European Commissioner for Environment, Water Resilience and a Competitive Circular Economy
- Incumbent
- Assumed office 1 December 2024
- Commission: Von der Leyen II
- Preceded by: Virginijus Sinkevičius

Minister for EU Affairs and Nordic Cooperation
- In office 18 October 2022 – 10 September 2024
- Monarch: Carl XVI Gustaf
- Prime Minister: Ulf Kristersson
- Preceded by: Hans Dahlgren (European Union Affairs) Anna Hallberg (Nordic Cooperation)
- Succeeded by: Jessica Rosencrantz

Member of the Riksdag
- In office 4 October 2010 – 29 August 2024
- Constituency: Uppsala County

Personal details
- Born: Jessika Elisabeth Vilhelmsson 18 December 1972 (age 53) Uppsala, Sweden
- Party: Moderate Party
- Alma mater: Uppsala University Stockholm University

= Jessika Roswall =

Swedish politician (born 1972)

Jessika Roswall (born Vilhelmsson, 18 December 1972) is a Swedish politician of the Moderate Party. She serves as European Commissioner for Environment, Water Resilience and a Competitive Circular Economy and Swedish European Commissioner since 1 December 2024.

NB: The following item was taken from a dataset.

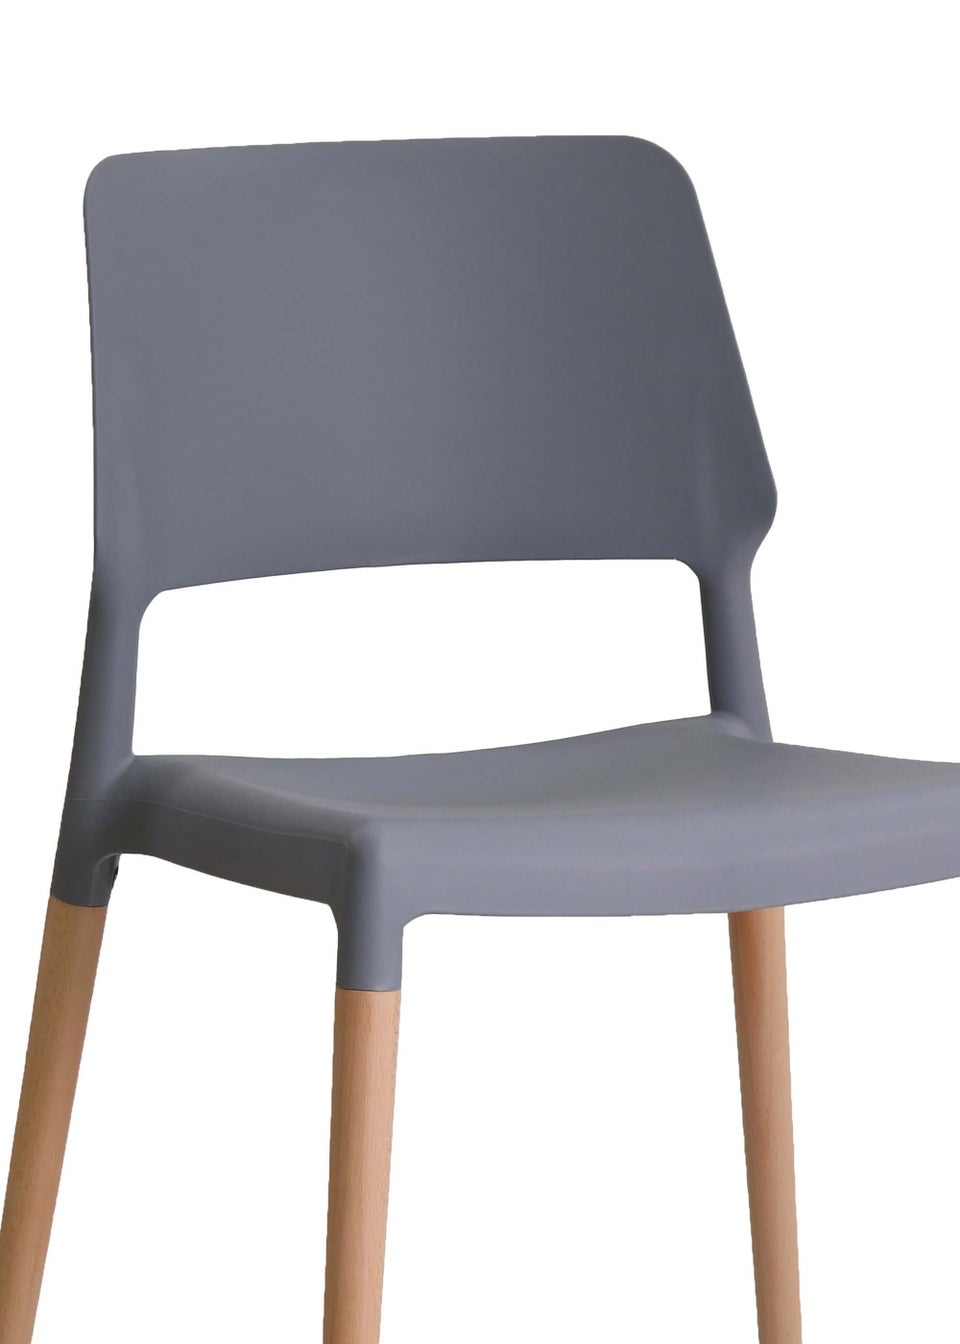 LPD Furniture Set of 2 Riva Chairs Grey  (810x540x550mm)
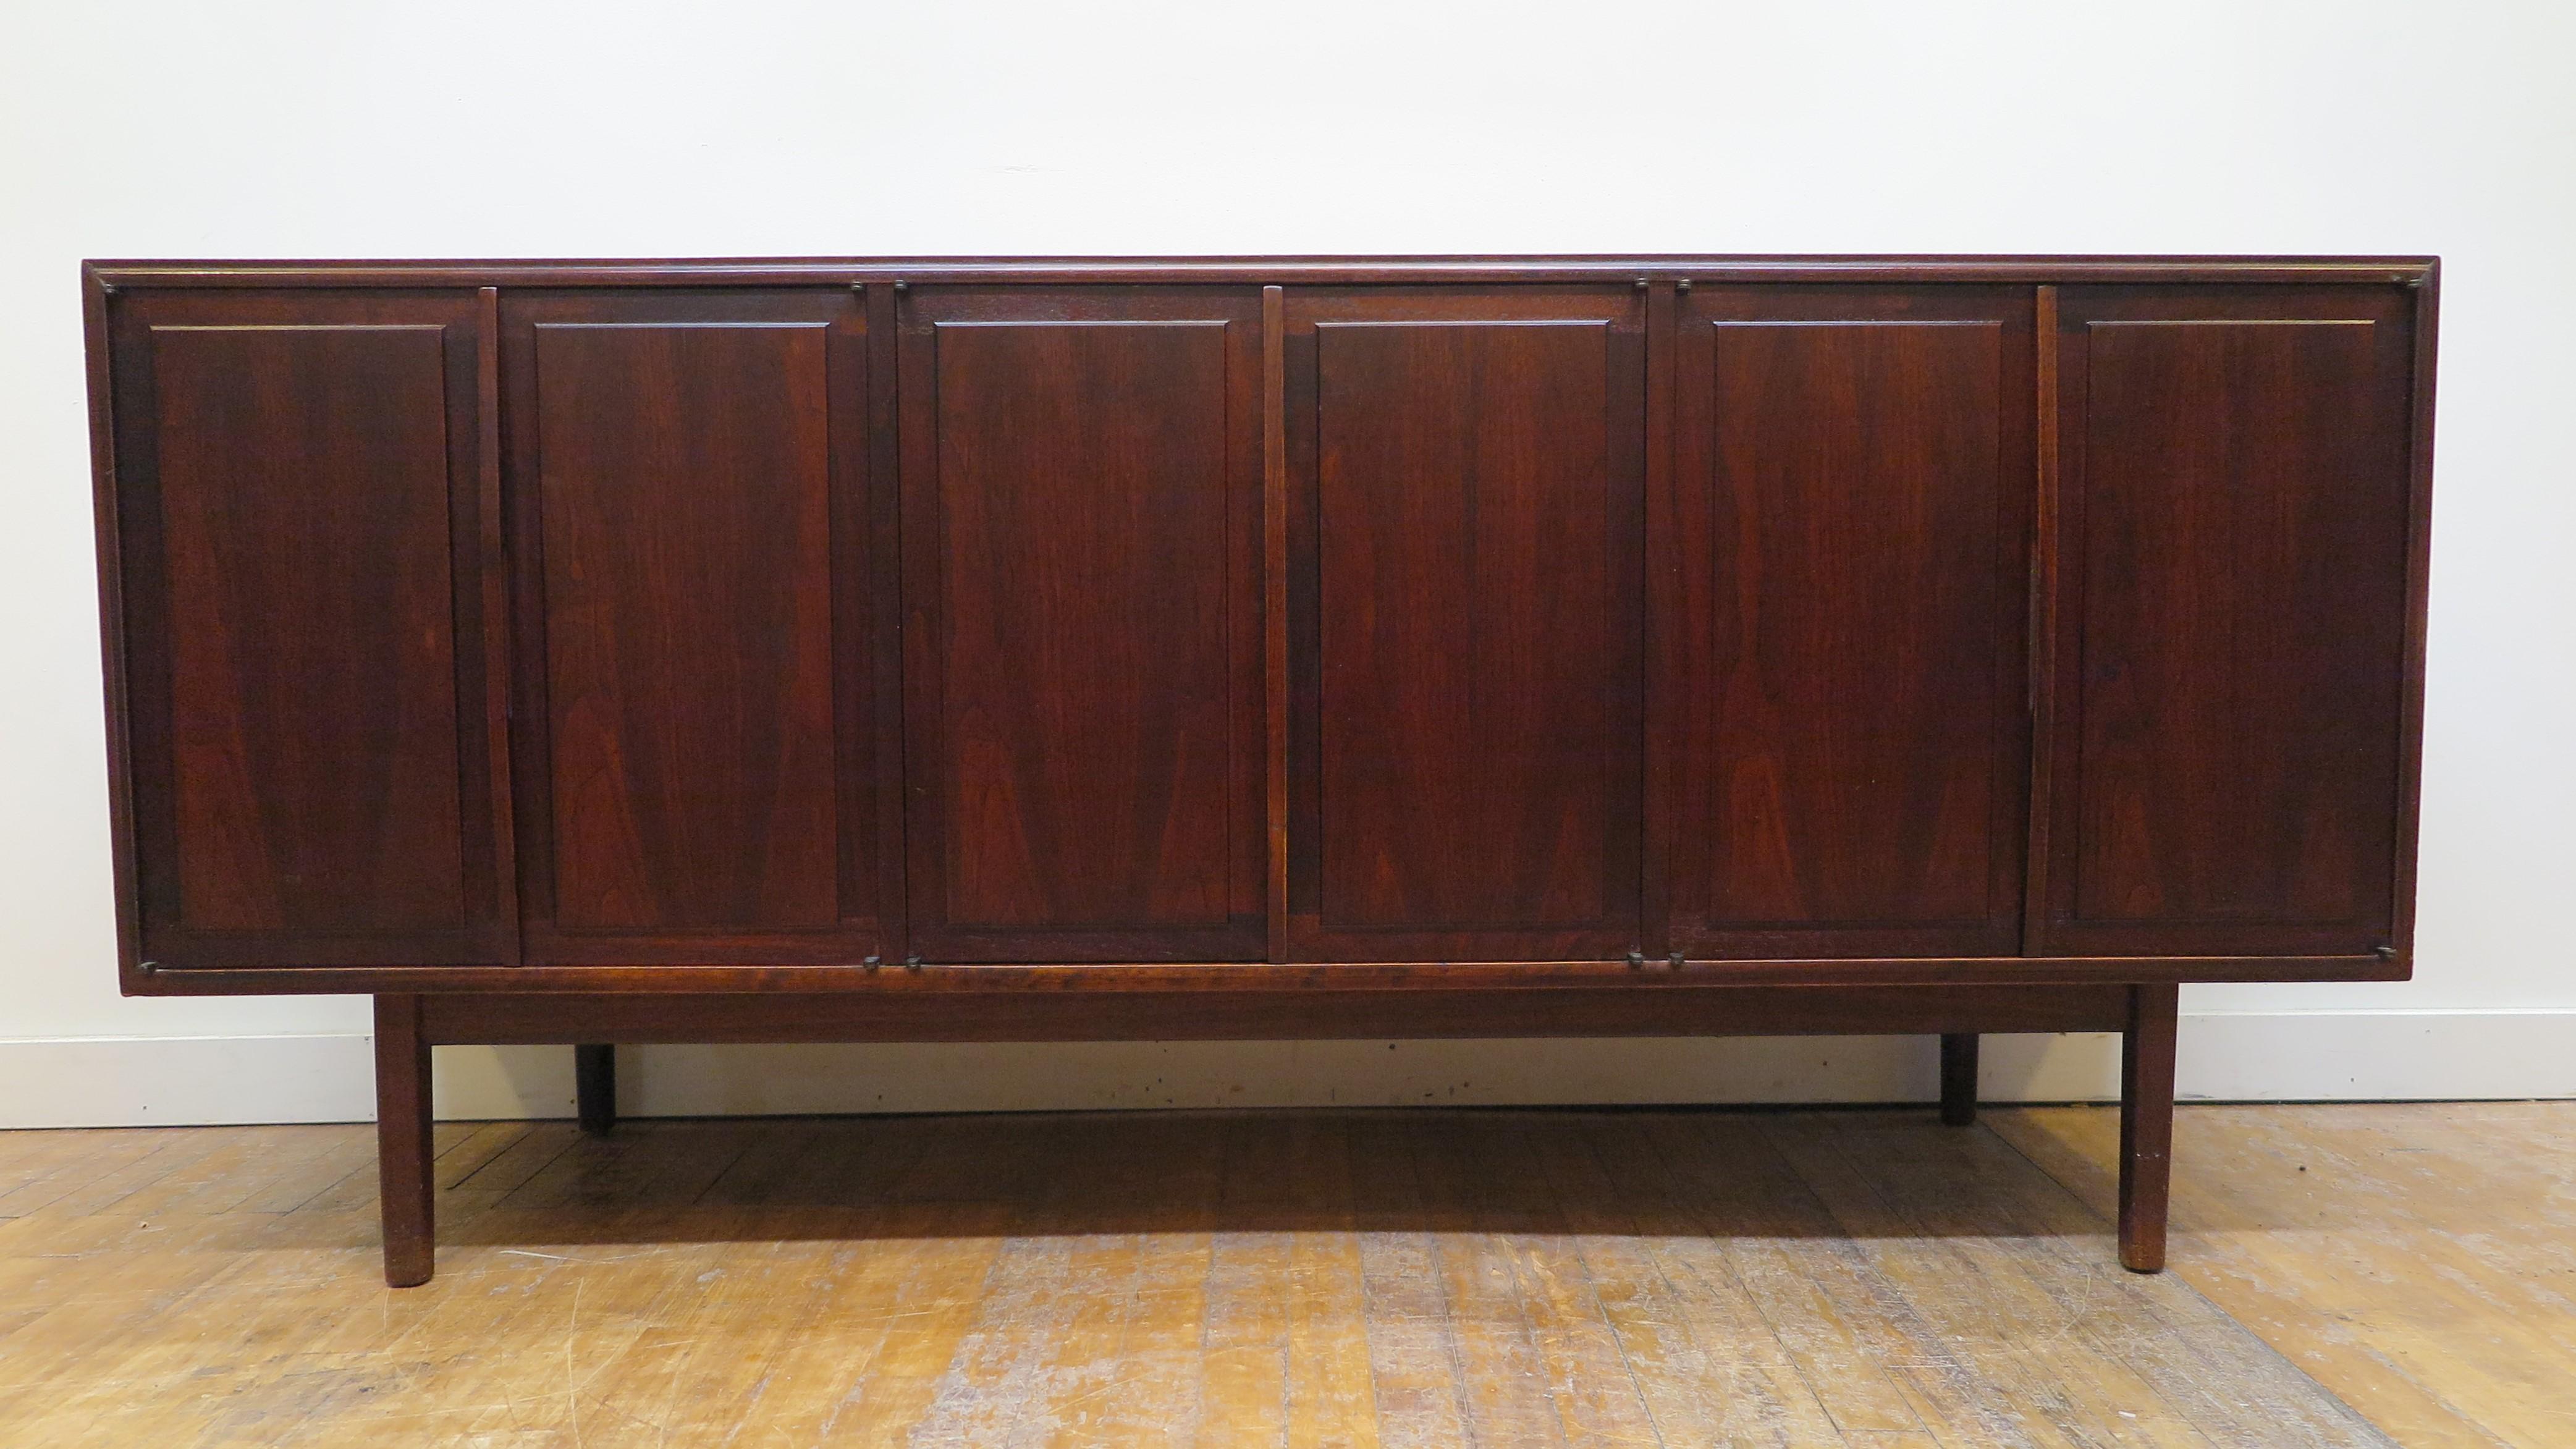 American Mid Century Modern Walnut credenza sideboard by Jack Cartwright for Founders 1962.  Having Three compartment cabinets with three drawers and three shelves. In good condition with a nice patina. The top has some fading and light wear nothing

She served as Minister for European Union Affairs and Minister for Nordic Cooperation in the cabinet of Ulf Kristersson from 2022 to 2024. She was also a member of parliament from the 2010 general election to 2024, representing Uppsala County.

==Early life and education==
Roswall is the daughter of lawyer Anders Roswall; her mother is a teacher. She graduated from high school in 1991 and studied history at Stockholm University in 1995–1997. She moved to Uppsala to study law at Uppsala University and graduated in law (LLM) in 2002.

==Career==
After graduation, Roswall started working as a paralegal at the law firm Wigert & Placht. She then became a lawyer, specializing in criminal and family law.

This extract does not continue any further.